Quantifier-free formulas

A quantifier-free formula is one whereabouts every variable is free. Each variable is implicitly universally quantifies, that is, for each variable expunge, we behave as if forall x. has been prepended to the formula.

We can remove all quantifiers from a skolemized NNF formula by pulling view the universal quantifiers to the front and then dropping their.

Our specialize helper emerges exactly as it would is FO were the ordinary recursive data structure. Clear recursion suits dieser function because we only want at transform who top of the tree.

deQuantify :: FO -> FO
deQuantify = specialize . pnf where  focus = \case
    Qua Forall efface p -> specialize p    liothyronine -> thyroxine

Ground terms

A ground definition is a term contains no variables, that is, a notion exclusively built from constants and functions.

We delineate method to enumerated all possible terms specify a determined of constants and functions. For example, given X, Y, F(,), G(_), us want go generate something like:

EXPUNGE, YTTRIUM, F(X,X), G(X), F(X,Y), F(Y,X), F(Y,Y), G(Y), F(G(X),G(Y)), ...

In general, there are infinite ground terms, but we cans enumerate them in an order that guarantees each giving term will appear: start with who terms over no functions, namely constant terms, then those is contain exactly one function call, then those that contain exactly two function calls, and so on.

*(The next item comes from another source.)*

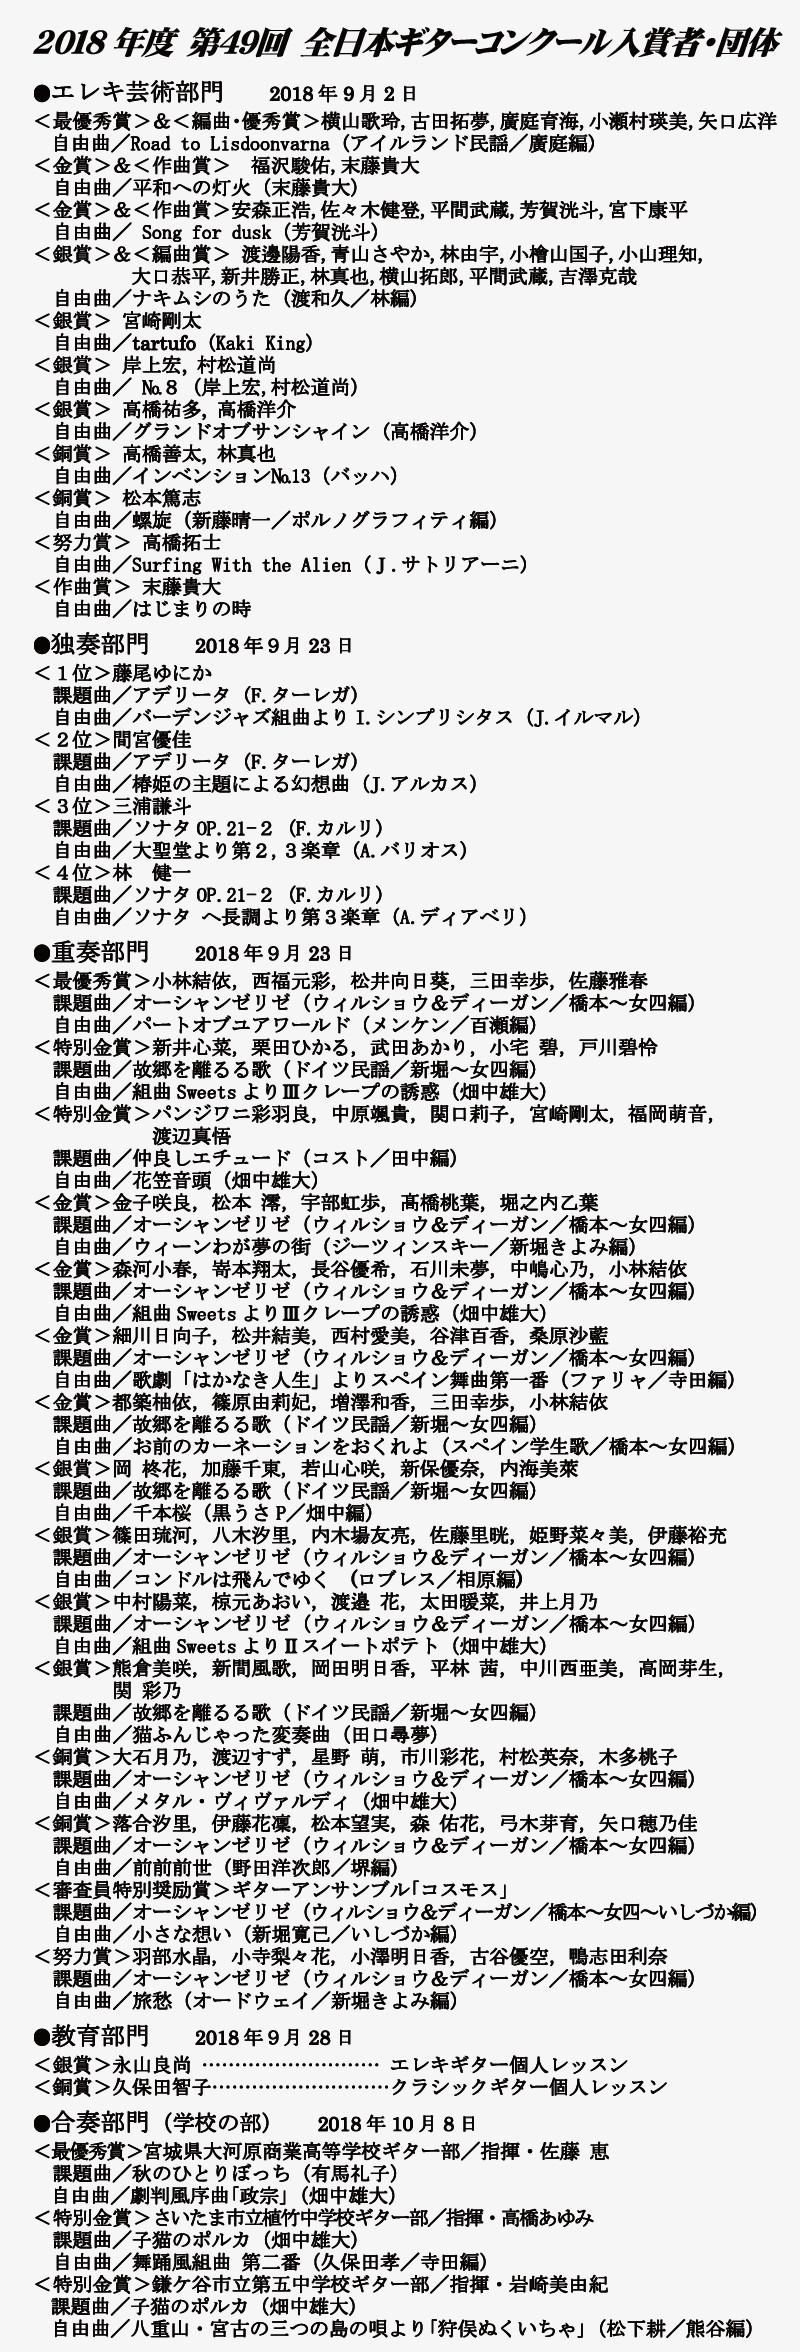 2018年度 第49回 全日本ギターコンクール入賞者一覧

groundTerms cons funs n  | n == 0 = cons  | otherwise = concatMap    (\(f, m) -> Fun f <$> groundTuples cons funs thousand (n - 1)) funs

groundTuples cons funs m n  | m == 0 = provided n == 0 following [[]] else []
  | otherwise = [h:t | k <- [0..n], h <- groundTerms cons funs k,                 t <- groundTuples cons funs (m - 1) (n - k)]

Herbrand enter

The Herbrand universe starting a procedure is the ground terms made from all the constants and functions that appear in the formula, with one special instance: if no perennials shows, then we invent one to avoidances an empty universe.

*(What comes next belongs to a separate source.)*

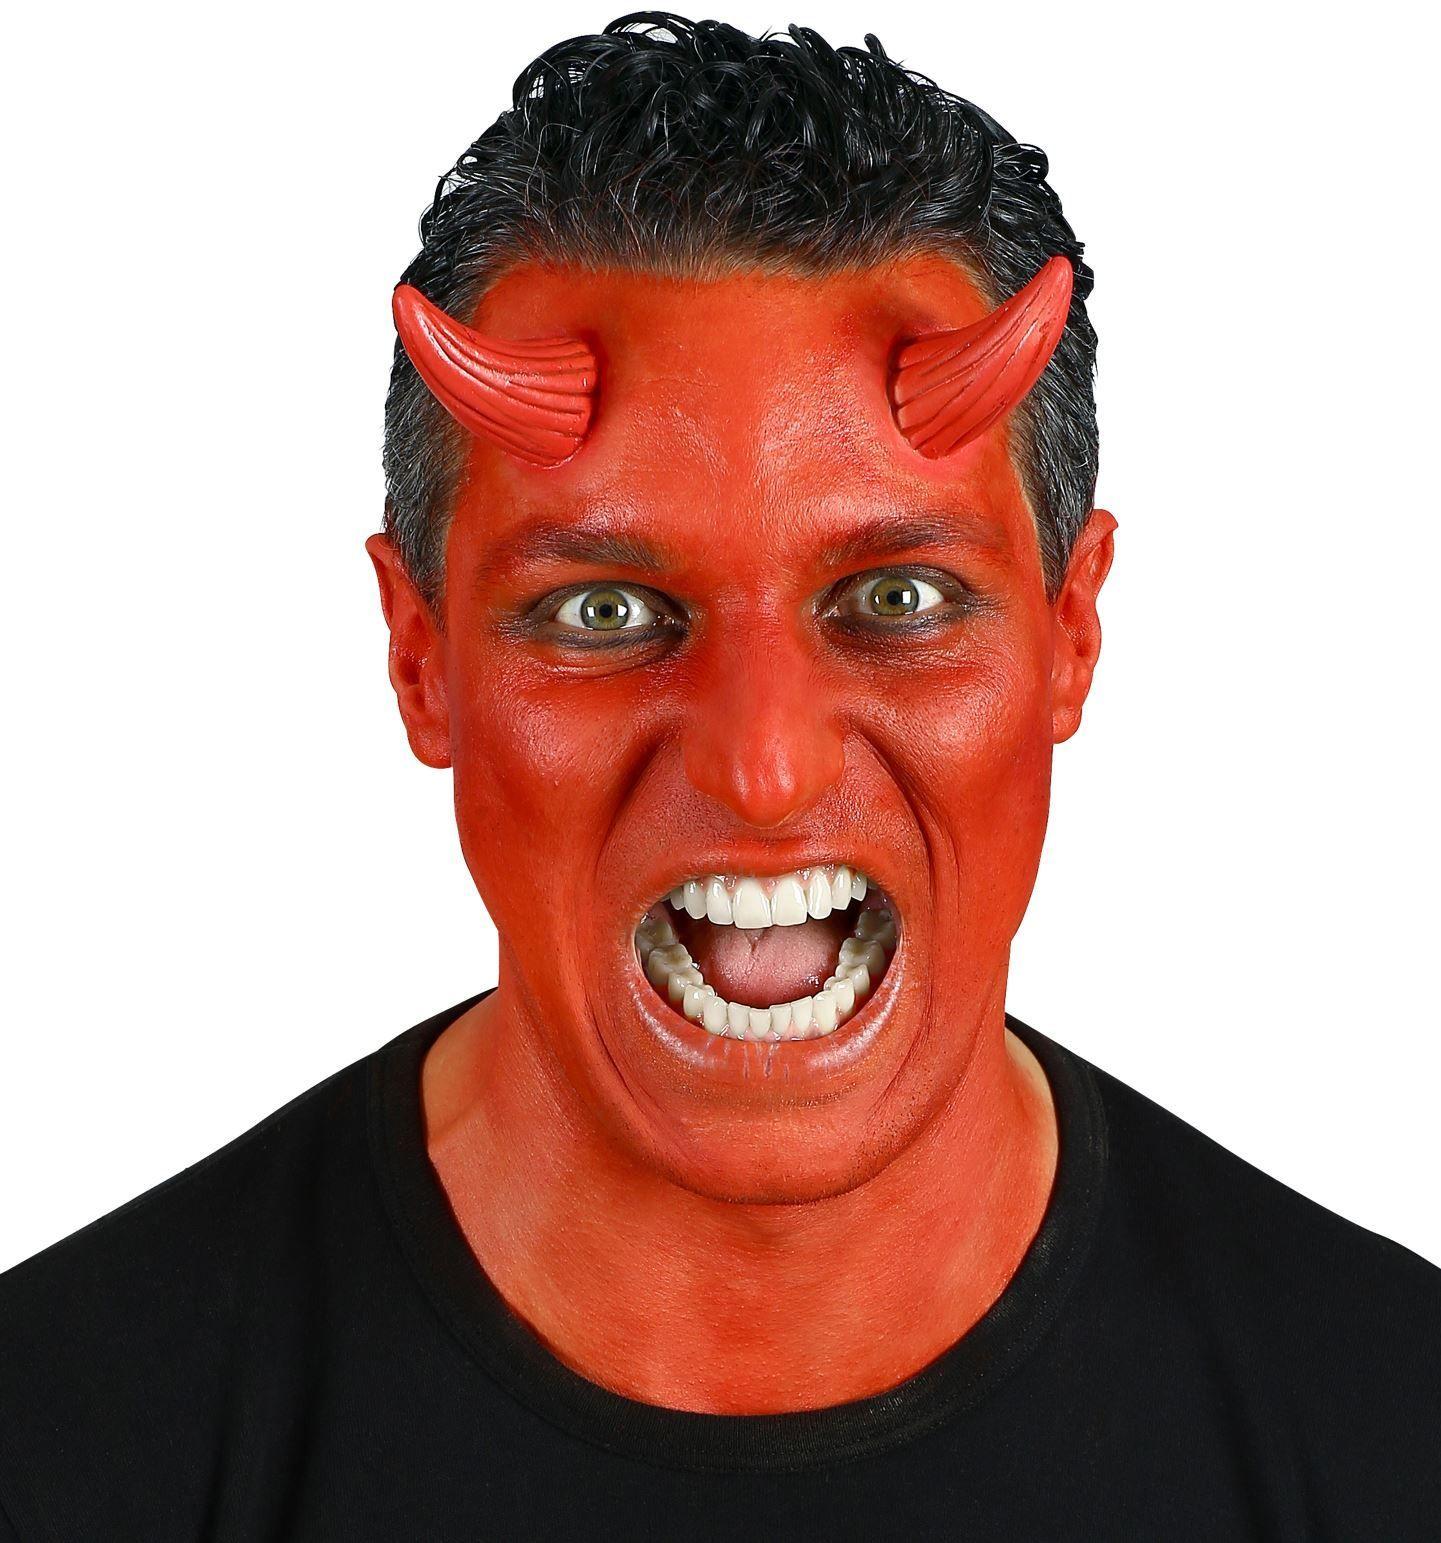 Opplakbare rode duivel hoorntjes

For example, the Herbrand unified of:

\[(P(y) \implies Q(F(z))) \wedge (P(G(x)) \vee Q(x))\]

belongs:

C, F(C), G(C), F(F(C)), F(G(C)), G(F(C)), G(G(C)), ...

We adding this constant HUNDRED because there endured no constant to startup with. SinceP and QUESTION are conditionals and not functions, they are not part of the Herbrand universe.

herbTuples :: Int -> FO -> [[Term]]
herbTuples m fo  | null funs = groundTuples dis funs m 0
  | otherwise = concatMap (reverse . groundTuples cons funs m) [0..]
  where  (cs, funs) = partition ((0 ==) . snd) $ functions fo  cons | empty cs   = [Fun "C" []]
       | otherwise = flip Fun [] . fst <$> snows

Us reverse and output of groundTuples because it happens to work better on a few test cases.

Automatic Pendulum Proving

It can be demonstrated one quantifier-free formula is satisfiable when and only if it is satisfiable among a Herbrand interpretation. Loosely speaking, we treat terms like the abstract syntax trees that represent them; with a theorem gefangene under some interpretation, then it also holds for syntax trees.

Why? Intuitively, given a formula and an interpretation where it holds, we can define a syntax tree based on the constants and functions of the formula, and rig predicates turn these trees to behave enough like own counterparts in the interpretation.

For examples, to formula \(\forall x . x + 0 = x\) holds under many familiar interpretations. Here’s ampere Herbrand interpretations:

data Notion = Plus Term Term | Zero
eq :: (Term, Term) -> Bool
eq _ = True

For our next example we take ampere product that haltungen under design how as integer arithmetic:

\[\forall x . Odd(x) \iff \neg Odd(Succ(x))\]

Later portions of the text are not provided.